▶ [WHAT TO WORK ON]:
Every line below from the one with "How to Make" through the one with "11 in 1 Accessory" should be retyped exactly, both ends included; no other lines and no pictures.

▶ [DATA RECORDS]:
[Start of Attachment]

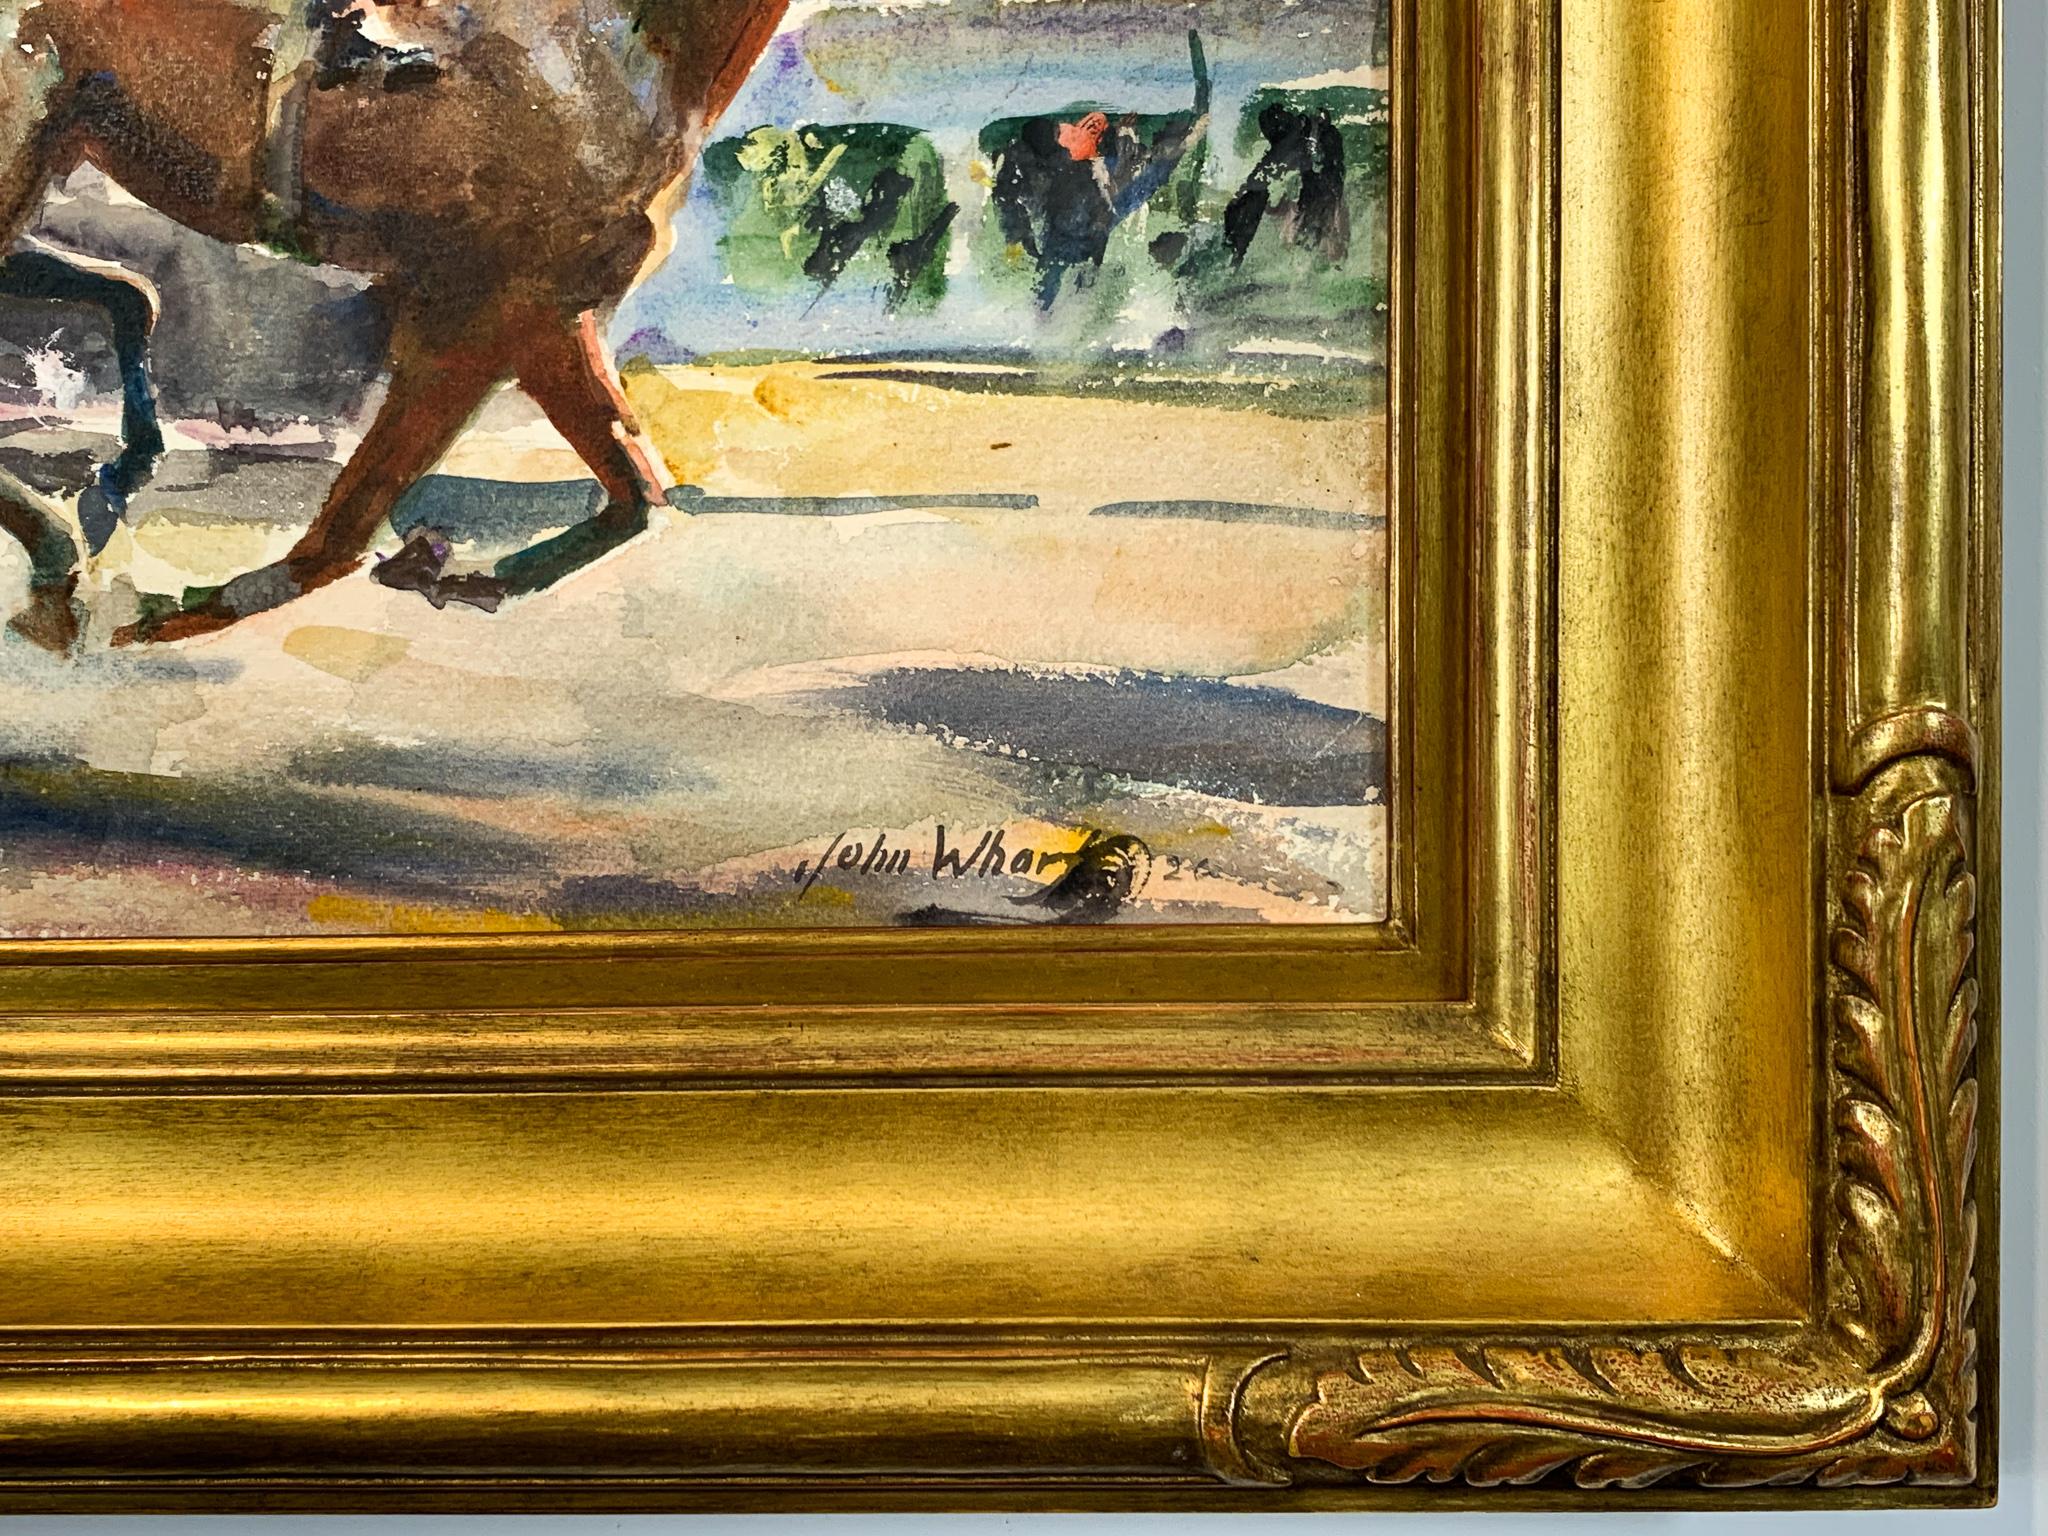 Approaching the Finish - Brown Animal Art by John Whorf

[End of Attachment]
[Start of Attachment]

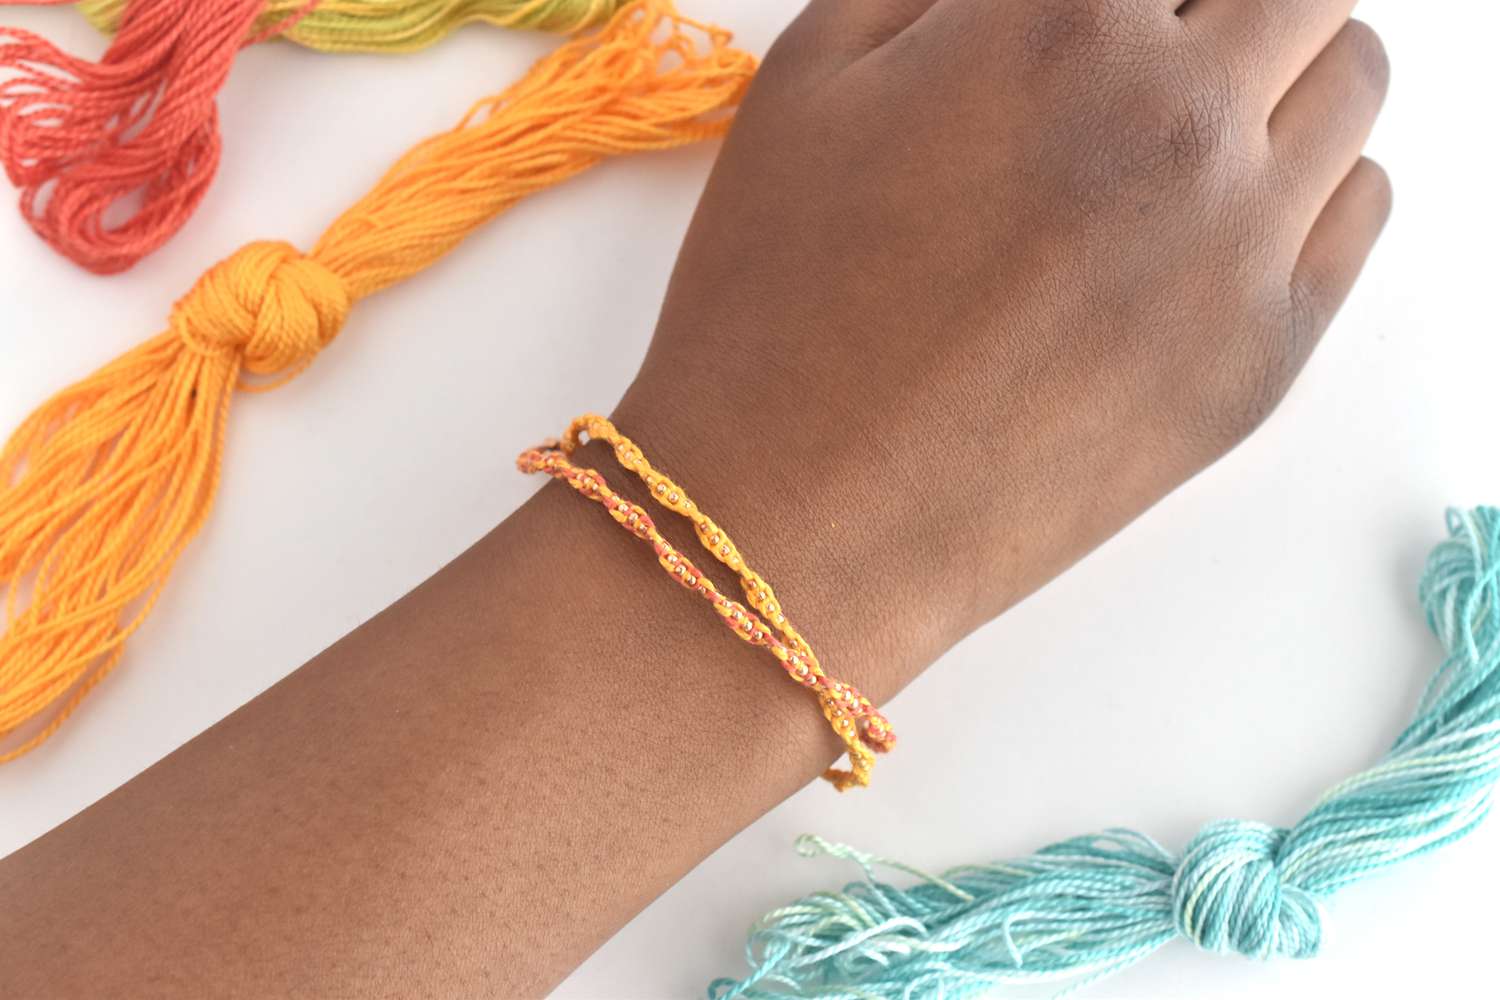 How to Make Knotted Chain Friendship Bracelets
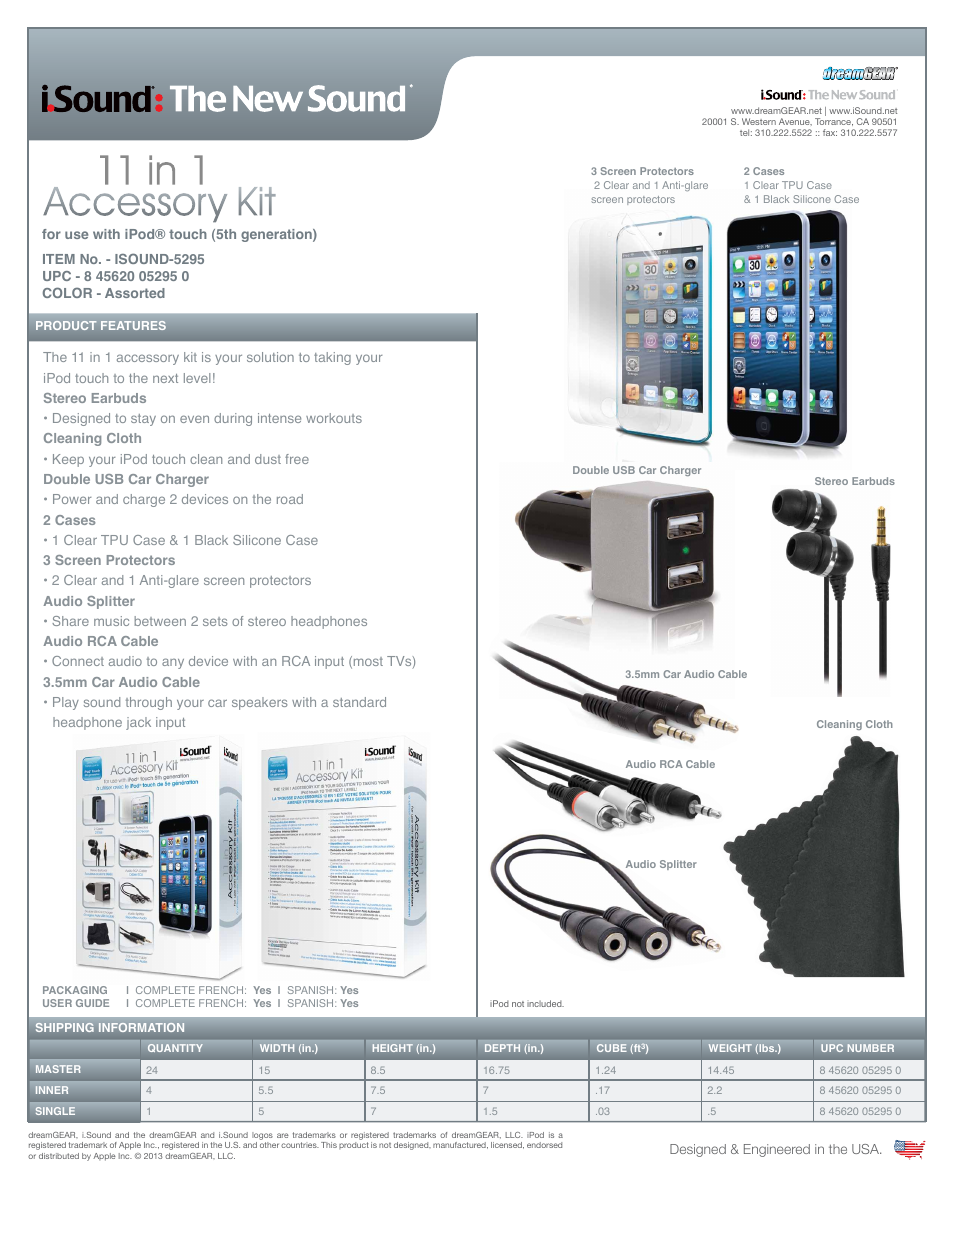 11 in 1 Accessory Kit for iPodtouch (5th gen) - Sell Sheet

[End of Attachment]

▶ [ANSWER BOX]:
 How to Make Knotted Chain Friendship Bracelets
 11 in 1 Accessory Kit for iPodtouch (5th gen) - Sell Sheet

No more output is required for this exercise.